Another important sub-class consists of algorithms for exploring the game tree of multiple-player games, such as chess or backgammon, whose nodes consist of all possible game situations that could result from the current situation. The goal in these problems is to find the move that provides the best chance of a win, taking into account all possible moves of the opponent(s). Similar problems occur when humans or machines have to make successive decisions whose outcomes are not entirely under one's control, such as in robot guidance or in marketing, financial, or military strategy planning. This kind of problem — combinatorial search — has been extensively studied in the context of artificial intelligence. Examples of algorithms for this class are the minimax algorithm, alpha–beta pruning, and the A* algorithm and its variants.

===For sub-structures of a given structure===

An important and extensively studied subclass are the graph algorithms, in particular graph traversal algorithms, for finding specific sub-structures in a given graph — such as subgraphs, paths, circuits, and so on. Examples include Dijkstra's algorithm, Kruskal's algorithm, the nearest neighbour algorithm, and Prim's algorithm.
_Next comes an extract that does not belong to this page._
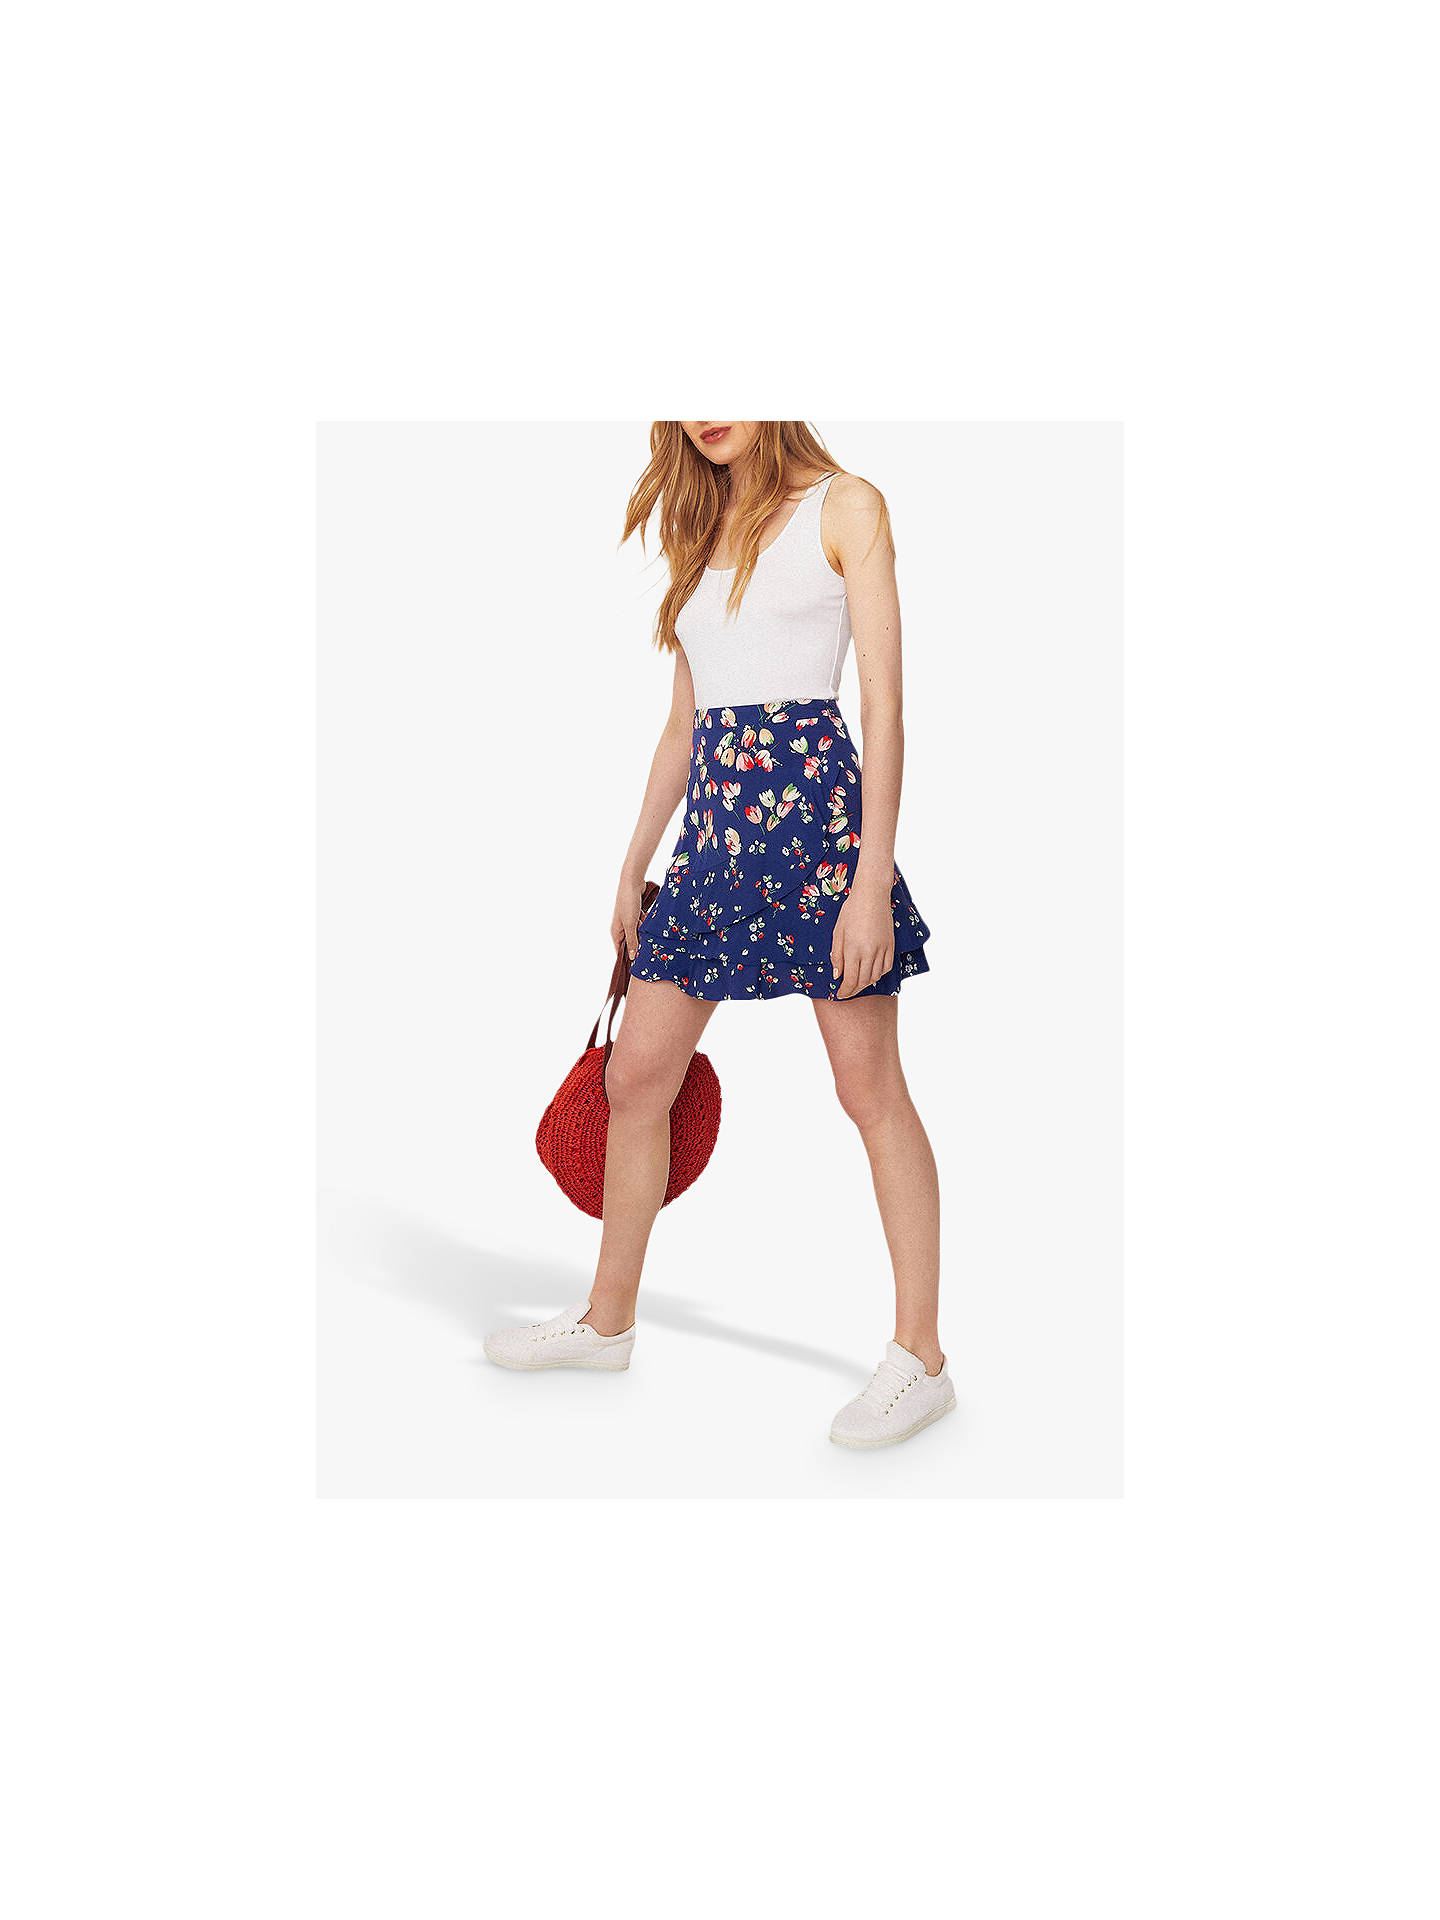 0c3e9fc9567 ... Buy Oasis Ditsy Print Ruffle Skirt, Multi Blue, 6 Online at  johnlewis.com ...

Another important subclass of this category are the string searching algorithms, that search for patterns within strings. Two famous examples are the Boyer–Moore and Knuth–Morris–Pratt algorithms, and several algorithms based on the suffix tree data structure.

===Search for the maximum of a function===
In 1953, American statistician Jack Kiefer devised Fibonacci search which can be used to find the maximum of a unimodal function and has many other applications in computer science.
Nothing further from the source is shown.